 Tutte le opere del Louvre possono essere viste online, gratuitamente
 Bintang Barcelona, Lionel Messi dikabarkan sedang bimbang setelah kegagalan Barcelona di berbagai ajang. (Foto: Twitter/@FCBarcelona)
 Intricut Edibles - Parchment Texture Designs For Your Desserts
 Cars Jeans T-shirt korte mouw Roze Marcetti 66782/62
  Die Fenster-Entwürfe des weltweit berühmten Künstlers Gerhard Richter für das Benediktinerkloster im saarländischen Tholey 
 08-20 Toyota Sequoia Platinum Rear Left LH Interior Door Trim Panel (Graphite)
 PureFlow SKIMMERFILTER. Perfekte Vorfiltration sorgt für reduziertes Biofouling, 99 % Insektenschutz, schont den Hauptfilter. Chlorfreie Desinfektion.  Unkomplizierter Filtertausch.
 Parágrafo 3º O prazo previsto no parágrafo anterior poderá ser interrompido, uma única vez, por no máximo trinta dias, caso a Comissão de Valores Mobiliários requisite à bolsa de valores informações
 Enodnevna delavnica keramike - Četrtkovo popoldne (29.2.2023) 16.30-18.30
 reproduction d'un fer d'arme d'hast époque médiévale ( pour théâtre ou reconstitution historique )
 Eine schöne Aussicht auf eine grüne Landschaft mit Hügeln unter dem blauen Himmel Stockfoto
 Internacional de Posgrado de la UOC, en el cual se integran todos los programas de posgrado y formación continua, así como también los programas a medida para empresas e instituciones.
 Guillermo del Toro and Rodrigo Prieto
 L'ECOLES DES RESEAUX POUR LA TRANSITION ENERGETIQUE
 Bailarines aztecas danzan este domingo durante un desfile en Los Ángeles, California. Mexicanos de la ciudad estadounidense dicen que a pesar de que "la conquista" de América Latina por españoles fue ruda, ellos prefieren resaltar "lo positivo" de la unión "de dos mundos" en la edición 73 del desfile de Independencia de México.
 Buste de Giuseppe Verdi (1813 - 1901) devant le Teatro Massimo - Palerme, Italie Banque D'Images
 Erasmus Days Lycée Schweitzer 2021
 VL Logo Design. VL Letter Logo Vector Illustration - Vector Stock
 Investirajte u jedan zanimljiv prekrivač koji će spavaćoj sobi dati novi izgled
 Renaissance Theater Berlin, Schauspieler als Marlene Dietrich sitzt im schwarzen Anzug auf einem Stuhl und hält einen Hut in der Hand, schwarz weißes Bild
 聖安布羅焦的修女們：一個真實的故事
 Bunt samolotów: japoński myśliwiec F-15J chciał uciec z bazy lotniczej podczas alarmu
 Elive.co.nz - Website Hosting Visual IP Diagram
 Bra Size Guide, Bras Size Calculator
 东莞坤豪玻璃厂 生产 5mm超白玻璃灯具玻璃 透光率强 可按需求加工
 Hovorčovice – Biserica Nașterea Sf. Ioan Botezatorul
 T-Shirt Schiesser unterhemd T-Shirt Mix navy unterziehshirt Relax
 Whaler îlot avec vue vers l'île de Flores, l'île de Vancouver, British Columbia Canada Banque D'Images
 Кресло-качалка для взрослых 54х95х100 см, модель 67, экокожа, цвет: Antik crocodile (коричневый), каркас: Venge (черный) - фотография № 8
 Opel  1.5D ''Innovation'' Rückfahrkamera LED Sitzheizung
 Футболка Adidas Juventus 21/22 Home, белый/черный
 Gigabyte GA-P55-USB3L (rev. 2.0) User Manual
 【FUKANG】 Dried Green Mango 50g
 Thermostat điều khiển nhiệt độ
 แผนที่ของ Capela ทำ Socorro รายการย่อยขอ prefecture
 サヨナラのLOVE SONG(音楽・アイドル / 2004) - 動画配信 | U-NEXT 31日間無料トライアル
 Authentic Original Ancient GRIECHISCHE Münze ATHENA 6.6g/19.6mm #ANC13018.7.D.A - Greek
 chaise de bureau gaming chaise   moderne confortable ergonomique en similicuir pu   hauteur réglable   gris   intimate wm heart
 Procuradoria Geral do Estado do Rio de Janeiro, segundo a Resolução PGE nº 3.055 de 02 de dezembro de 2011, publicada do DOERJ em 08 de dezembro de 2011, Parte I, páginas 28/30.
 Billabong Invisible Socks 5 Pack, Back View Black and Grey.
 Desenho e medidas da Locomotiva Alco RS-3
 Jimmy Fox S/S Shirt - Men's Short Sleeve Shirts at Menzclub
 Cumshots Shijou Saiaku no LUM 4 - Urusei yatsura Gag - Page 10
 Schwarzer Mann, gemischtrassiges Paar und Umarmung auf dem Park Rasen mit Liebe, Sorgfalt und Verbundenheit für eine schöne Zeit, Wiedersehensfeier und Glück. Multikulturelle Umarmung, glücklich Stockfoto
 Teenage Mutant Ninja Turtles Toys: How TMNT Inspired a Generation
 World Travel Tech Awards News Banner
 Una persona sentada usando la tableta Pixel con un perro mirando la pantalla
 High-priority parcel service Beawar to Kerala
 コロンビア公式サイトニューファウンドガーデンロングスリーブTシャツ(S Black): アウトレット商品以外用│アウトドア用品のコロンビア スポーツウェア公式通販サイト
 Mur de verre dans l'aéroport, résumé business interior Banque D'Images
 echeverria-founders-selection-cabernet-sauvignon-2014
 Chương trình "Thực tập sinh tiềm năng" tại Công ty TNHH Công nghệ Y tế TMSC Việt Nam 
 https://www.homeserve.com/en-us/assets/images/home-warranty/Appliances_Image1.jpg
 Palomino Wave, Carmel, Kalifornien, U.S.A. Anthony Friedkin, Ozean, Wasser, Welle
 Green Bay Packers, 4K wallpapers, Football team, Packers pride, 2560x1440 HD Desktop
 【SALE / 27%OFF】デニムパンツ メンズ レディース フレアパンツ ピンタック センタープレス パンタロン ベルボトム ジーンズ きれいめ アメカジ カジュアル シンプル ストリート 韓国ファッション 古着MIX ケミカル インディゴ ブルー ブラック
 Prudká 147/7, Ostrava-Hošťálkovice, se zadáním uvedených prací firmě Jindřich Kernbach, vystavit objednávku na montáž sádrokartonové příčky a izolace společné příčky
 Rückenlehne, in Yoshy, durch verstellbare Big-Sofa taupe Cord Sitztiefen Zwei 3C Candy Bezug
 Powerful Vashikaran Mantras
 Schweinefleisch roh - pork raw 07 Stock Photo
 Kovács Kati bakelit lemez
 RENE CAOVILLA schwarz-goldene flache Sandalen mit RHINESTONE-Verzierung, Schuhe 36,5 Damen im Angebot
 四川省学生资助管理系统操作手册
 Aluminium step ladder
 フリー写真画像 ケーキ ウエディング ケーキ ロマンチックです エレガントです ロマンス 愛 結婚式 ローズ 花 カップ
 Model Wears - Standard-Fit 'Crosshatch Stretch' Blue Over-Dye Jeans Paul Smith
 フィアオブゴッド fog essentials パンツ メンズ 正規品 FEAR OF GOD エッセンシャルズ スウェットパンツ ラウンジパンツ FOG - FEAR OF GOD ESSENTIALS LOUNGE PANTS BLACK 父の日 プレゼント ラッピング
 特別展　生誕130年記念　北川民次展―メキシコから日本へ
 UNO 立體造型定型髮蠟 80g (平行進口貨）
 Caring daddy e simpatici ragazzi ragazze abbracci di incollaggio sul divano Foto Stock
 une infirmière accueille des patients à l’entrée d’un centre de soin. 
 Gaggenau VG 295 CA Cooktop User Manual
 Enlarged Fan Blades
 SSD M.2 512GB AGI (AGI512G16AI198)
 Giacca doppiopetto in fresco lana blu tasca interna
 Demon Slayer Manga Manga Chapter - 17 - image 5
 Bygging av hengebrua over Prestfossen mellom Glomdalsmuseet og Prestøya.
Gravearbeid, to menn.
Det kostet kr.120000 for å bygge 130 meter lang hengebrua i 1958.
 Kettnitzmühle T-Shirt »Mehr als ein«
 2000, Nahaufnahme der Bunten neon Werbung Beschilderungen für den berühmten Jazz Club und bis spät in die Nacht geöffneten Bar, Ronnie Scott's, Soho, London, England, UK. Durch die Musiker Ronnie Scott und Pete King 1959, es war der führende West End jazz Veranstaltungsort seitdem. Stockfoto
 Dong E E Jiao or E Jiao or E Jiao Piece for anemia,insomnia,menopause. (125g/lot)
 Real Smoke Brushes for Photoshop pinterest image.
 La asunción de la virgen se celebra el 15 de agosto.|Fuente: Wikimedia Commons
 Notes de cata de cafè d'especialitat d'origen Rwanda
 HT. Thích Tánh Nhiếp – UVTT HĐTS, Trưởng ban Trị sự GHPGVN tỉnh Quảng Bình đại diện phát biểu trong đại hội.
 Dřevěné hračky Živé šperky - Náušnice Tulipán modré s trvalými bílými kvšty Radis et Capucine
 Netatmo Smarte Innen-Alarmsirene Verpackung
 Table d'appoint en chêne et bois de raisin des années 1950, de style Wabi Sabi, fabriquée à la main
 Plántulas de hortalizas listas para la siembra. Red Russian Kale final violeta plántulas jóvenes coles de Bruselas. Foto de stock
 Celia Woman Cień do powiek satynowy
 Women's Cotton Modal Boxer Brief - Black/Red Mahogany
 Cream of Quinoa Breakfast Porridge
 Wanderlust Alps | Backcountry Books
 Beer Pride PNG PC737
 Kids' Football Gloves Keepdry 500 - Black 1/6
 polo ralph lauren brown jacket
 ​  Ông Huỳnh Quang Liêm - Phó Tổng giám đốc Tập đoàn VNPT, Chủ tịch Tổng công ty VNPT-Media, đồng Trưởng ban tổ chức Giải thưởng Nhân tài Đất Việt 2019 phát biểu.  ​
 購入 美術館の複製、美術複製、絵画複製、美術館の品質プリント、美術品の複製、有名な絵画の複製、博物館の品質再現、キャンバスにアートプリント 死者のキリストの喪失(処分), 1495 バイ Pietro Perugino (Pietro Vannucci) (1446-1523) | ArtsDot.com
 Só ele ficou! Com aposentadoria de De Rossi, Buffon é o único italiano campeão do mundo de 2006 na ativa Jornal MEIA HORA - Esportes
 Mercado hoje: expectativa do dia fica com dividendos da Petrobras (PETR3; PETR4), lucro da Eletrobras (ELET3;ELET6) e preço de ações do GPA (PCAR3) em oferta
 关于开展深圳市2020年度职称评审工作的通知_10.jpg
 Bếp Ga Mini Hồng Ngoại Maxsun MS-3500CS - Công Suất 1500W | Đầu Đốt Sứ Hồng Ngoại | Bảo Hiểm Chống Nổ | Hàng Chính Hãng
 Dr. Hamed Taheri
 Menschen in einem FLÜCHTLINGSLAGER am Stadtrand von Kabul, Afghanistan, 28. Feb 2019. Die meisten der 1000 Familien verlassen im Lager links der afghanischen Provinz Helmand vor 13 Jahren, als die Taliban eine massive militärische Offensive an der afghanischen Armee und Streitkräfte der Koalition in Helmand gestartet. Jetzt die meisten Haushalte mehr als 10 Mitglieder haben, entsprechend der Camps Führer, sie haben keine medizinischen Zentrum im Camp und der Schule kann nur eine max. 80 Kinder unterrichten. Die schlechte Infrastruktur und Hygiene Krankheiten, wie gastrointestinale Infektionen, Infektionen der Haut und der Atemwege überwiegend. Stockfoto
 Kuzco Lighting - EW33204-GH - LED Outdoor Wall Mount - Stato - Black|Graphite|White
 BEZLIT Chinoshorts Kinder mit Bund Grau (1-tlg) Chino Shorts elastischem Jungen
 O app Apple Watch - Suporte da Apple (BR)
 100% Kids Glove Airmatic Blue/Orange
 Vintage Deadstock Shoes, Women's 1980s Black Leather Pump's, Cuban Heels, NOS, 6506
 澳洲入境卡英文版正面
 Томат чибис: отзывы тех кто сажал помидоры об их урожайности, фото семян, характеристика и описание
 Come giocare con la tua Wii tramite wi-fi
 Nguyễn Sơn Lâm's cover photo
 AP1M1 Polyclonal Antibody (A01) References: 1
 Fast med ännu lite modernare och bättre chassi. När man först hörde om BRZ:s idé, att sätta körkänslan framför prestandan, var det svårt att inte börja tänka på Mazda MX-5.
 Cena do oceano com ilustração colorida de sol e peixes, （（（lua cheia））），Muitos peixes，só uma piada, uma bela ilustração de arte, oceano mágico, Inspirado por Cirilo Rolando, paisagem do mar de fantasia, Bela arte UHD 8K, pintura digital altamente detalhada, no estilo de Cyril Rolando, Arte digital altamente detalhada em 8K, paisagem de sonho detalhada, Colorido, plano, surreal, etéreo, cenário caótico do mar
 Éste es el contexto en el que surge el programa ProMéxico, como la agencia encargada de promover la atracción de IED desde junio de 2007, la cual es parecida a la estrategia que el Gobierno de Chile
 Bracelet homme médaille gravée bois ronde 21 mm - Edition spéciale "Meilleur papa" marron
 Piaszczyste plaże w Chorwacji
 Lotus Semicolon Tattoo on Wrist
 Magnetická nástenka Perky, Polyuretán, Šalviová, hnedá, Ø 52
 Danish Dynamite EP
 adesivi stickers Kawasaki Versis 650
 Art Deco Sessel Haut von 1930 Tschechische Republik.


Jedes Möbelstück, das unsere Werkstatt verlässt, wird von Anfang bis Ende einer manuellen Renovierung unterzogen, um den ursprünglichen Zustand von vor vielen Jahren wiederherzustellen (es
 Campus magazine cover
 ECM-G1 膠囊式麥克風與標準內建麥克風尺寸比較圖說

◆ ◆ ◆ ◆ ◆ ◆ ◆

**Activity**
Scan the data above and copy each line containing the word "cover".

**Solution**
 Nguyễn Sơn Lâm's cover photo
 Campus magazine cover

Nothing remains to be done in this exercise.